◆ Assignment:
Begin at the line holding "Modehaus Bilger Exclusiv" and set down exactly each line through the last one below, omitting pictures. Include nothing else.

··· Source data ···

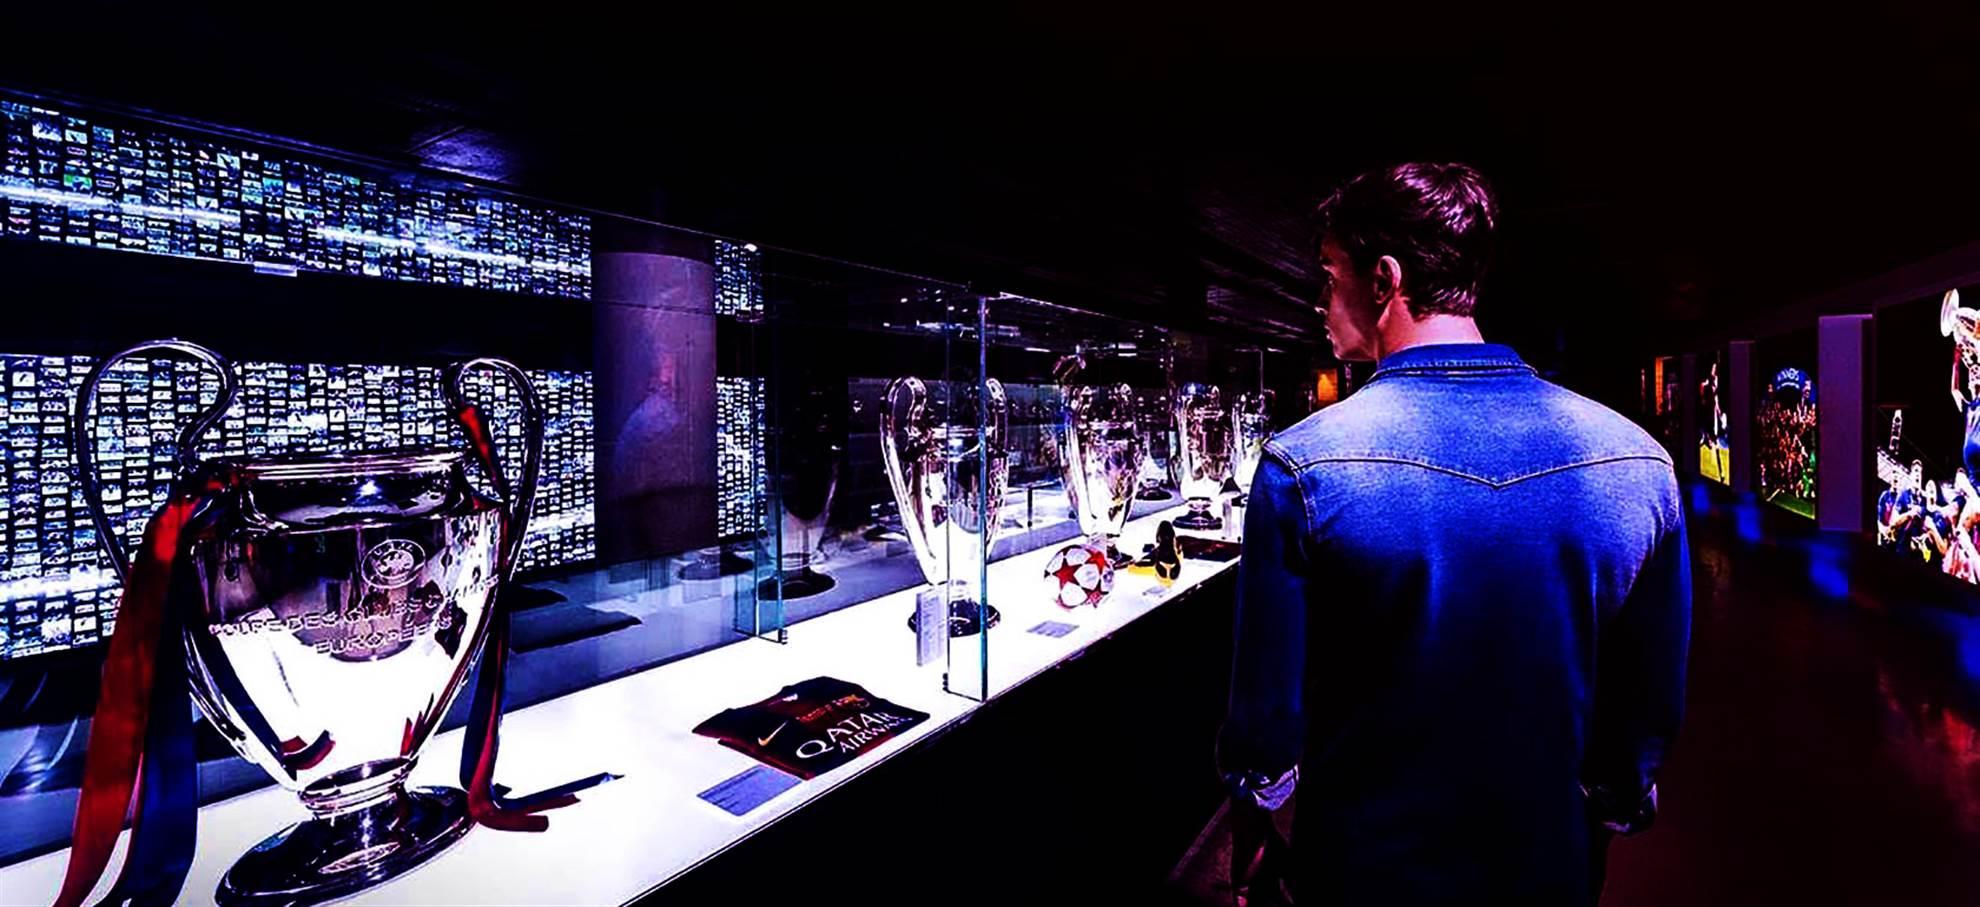 Billet ouvert visite du Camp Nou, FC Barcelone
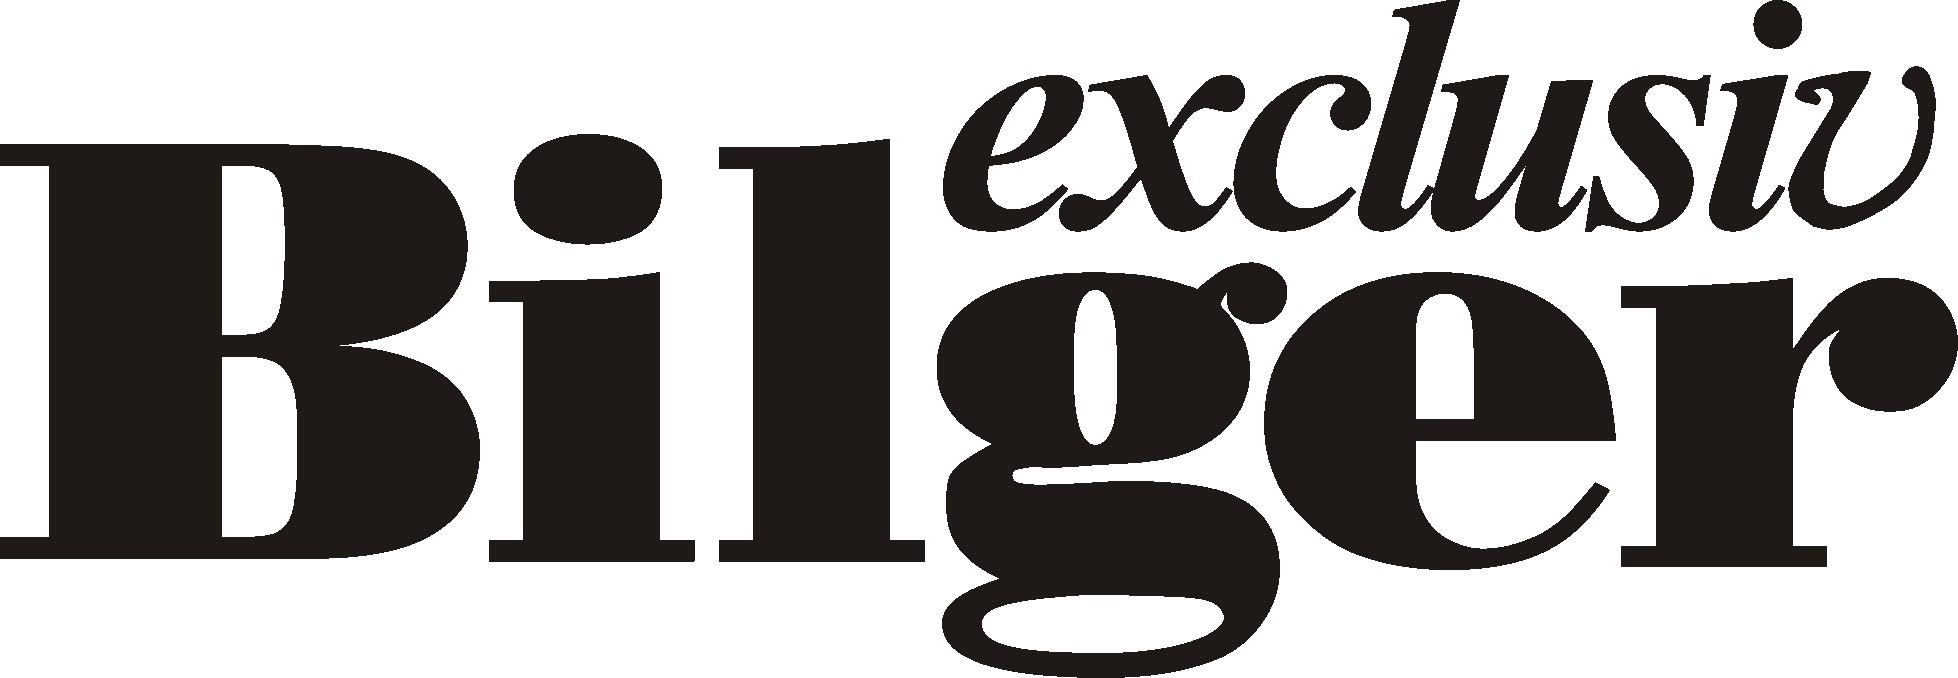 Modehaus Bilger Exclusiv
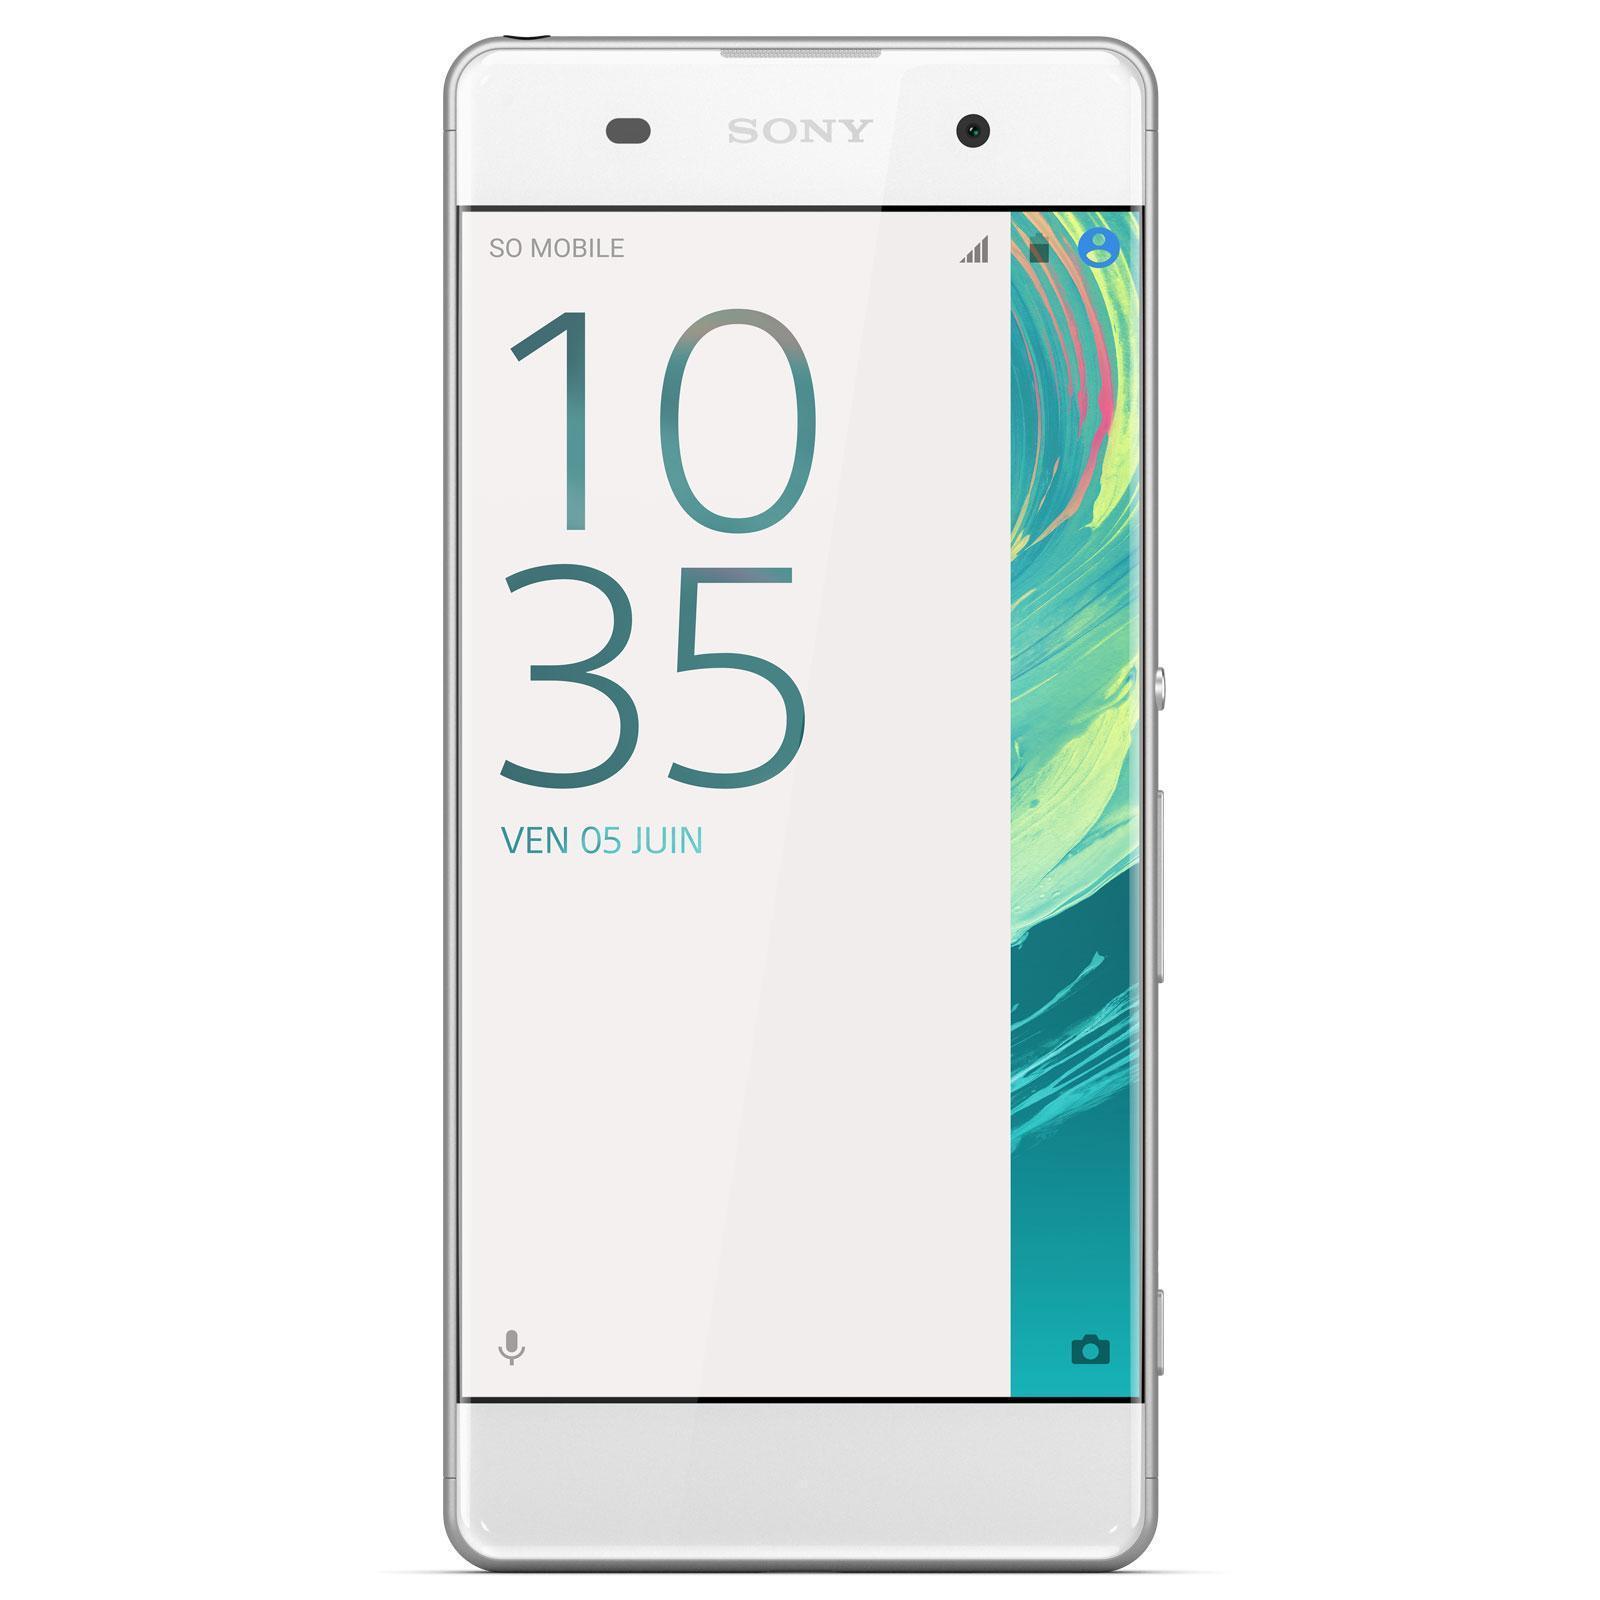 Sony Xperia XA 16 Go - Blanc - Débloqué

···

◆ Written response:
 Modehaus Bilger Exclusiv
 Sony Xperia XA 16 Go - Blanc - Débloqué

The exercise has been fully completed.